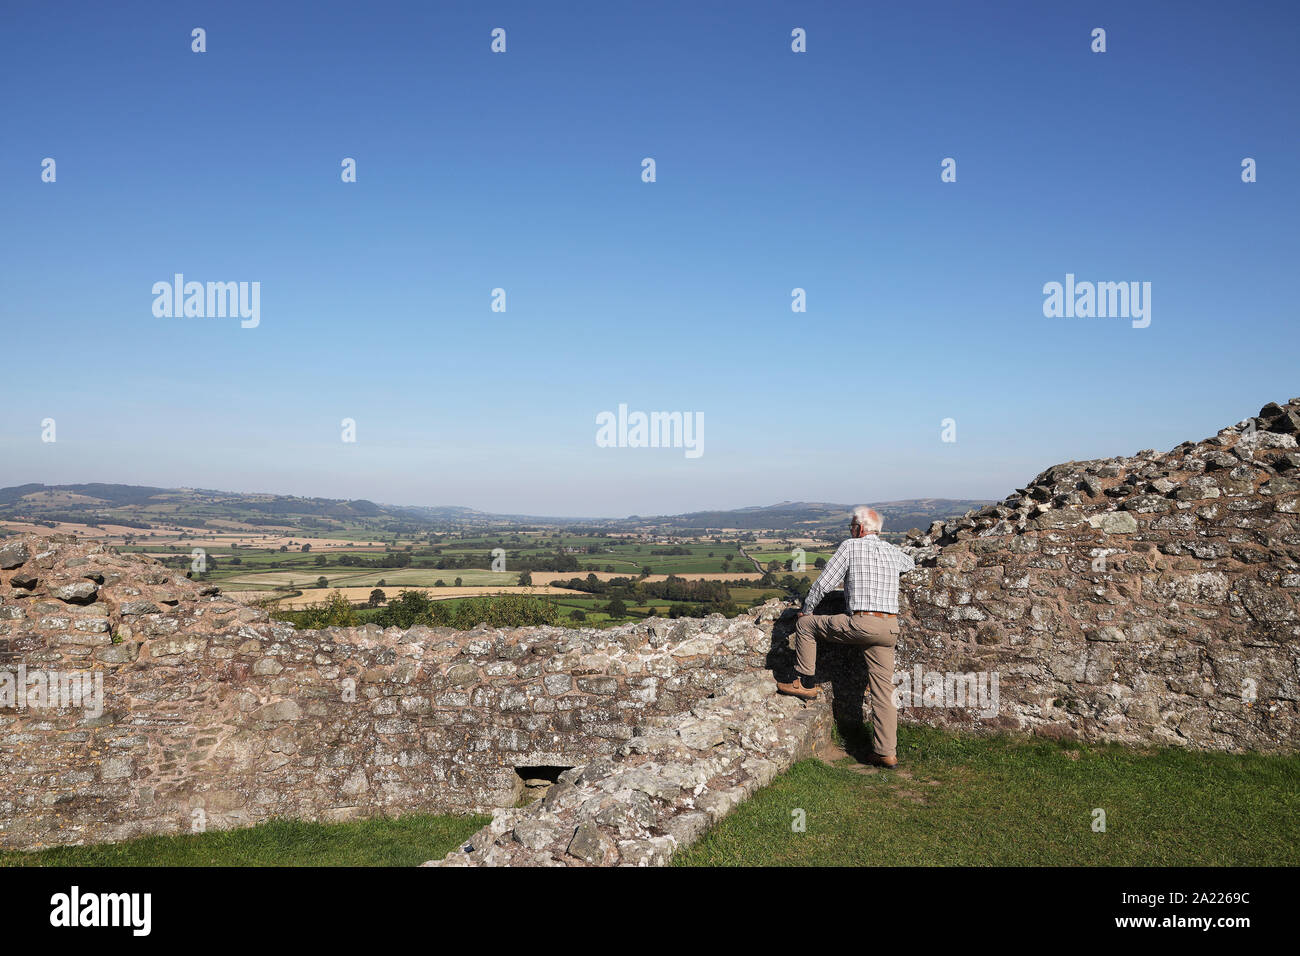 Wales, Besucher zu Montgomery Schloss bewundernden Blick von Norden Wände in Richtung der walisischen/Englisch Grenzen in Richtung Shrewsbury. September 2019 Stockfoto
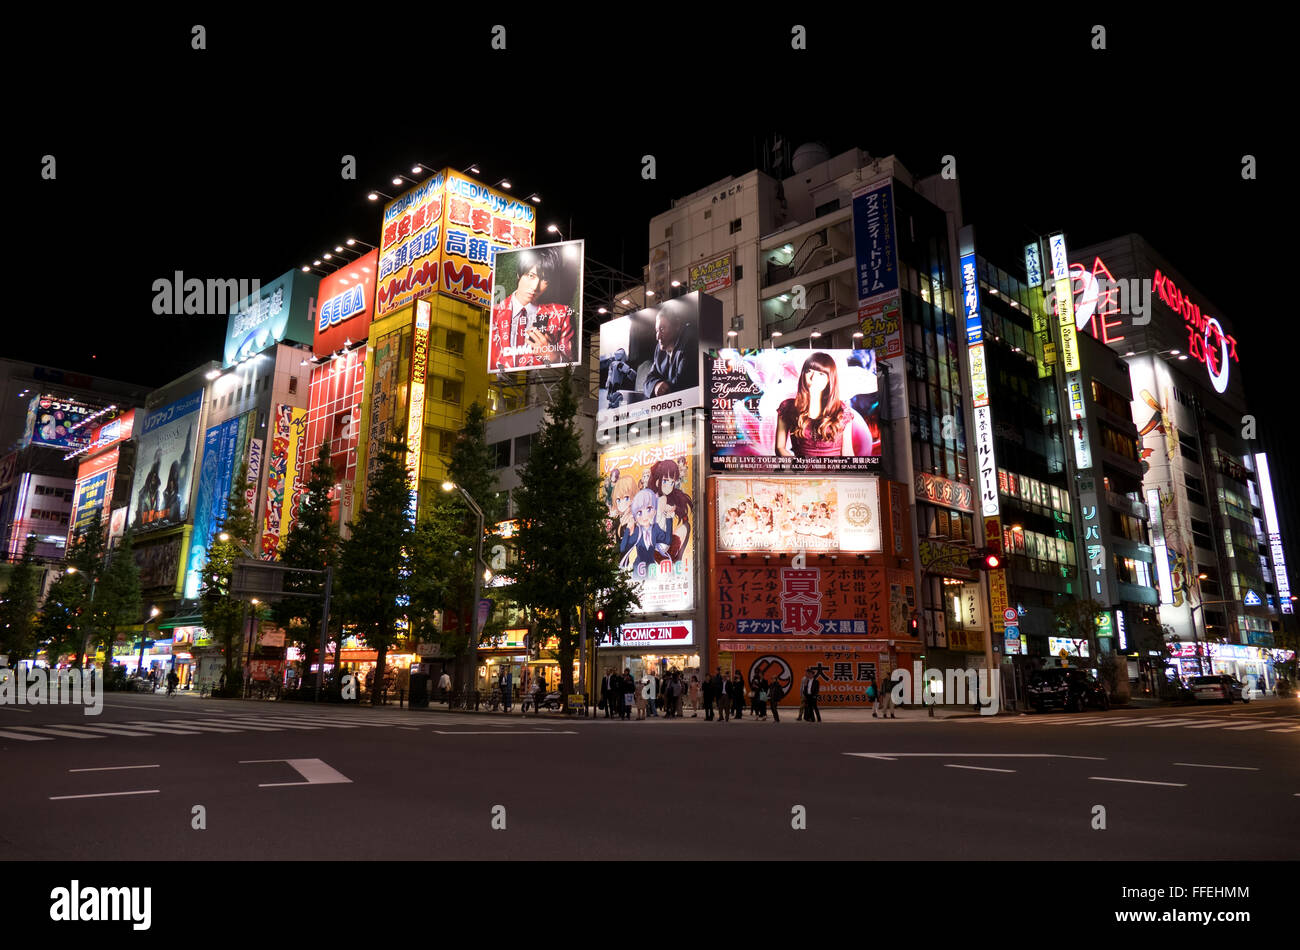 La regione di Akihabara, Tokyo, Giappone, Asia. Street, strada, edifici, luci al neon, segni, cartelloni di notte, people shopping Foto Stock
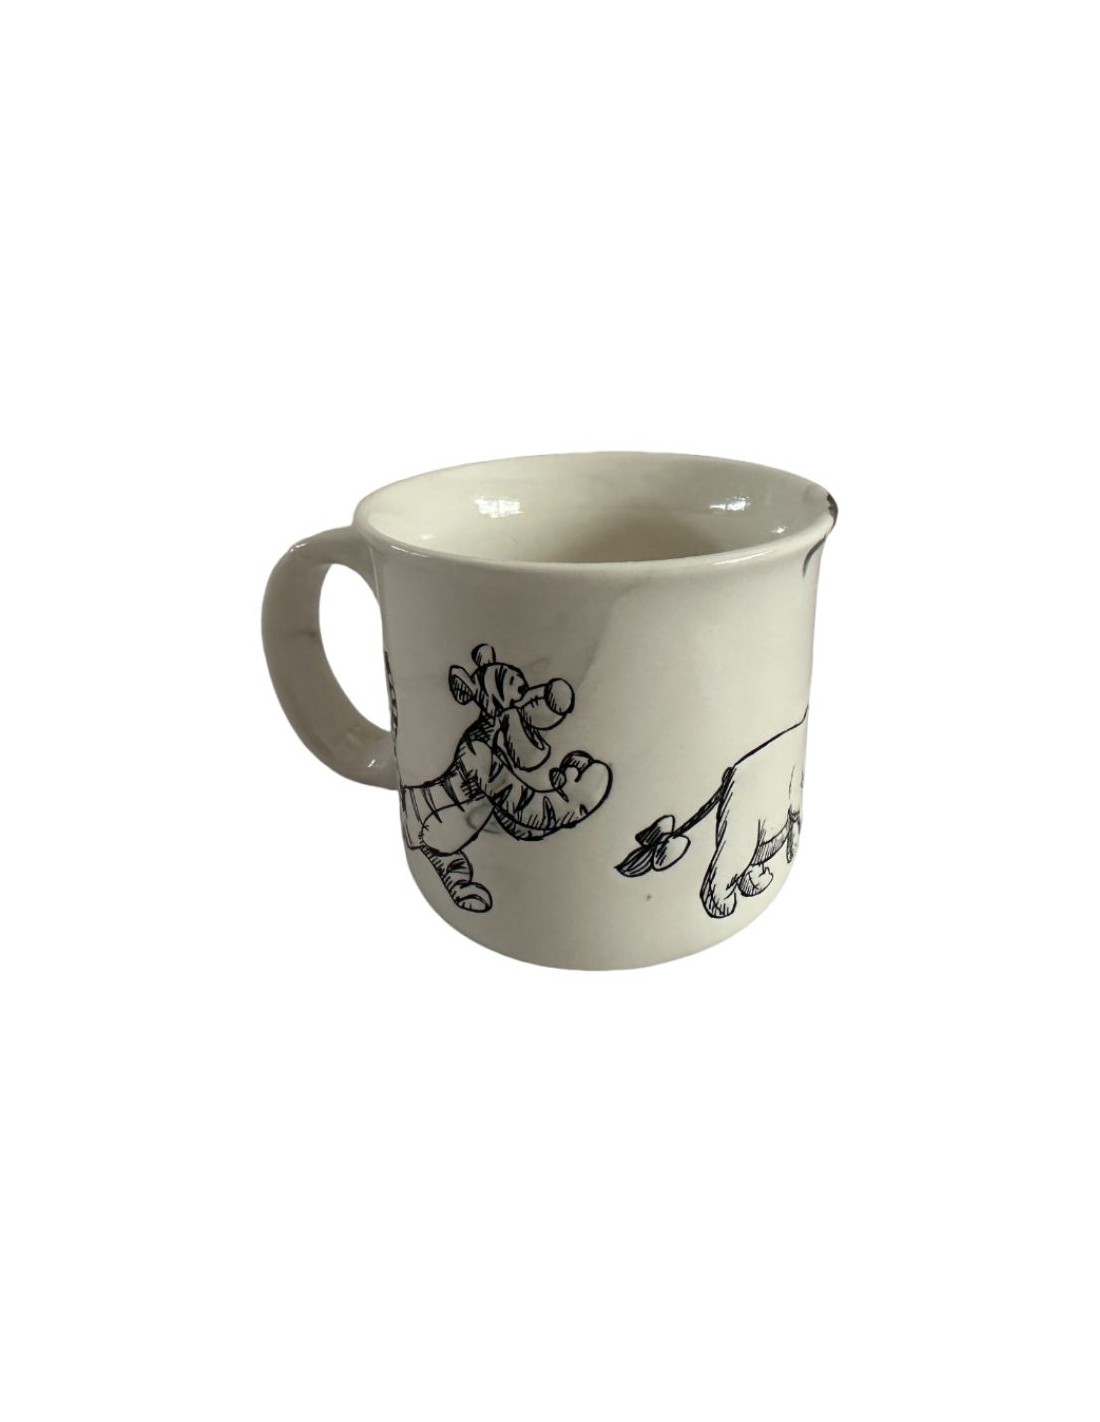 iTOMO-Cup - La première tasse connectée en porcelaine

**YOUR TASK**
Omit every picture while copying the listing above exactly.

**EXERCISE ANSWER**
 Wales, Besucher zu Montgomery Schloss bewundernden Blick von Norden Wände in Richtung der walisischen/Englisch Grenzen in Richtung Shrewsbury. September 2019 Stockfoto
 La regione di Akihabara, Tokyo, Giappone, Asia. Street, strada, edifici, luci al neon, segni, cartelloni di notte, people shopping Foto Stock
 iTOMO-Cup - La première tasse connectée en porcelaine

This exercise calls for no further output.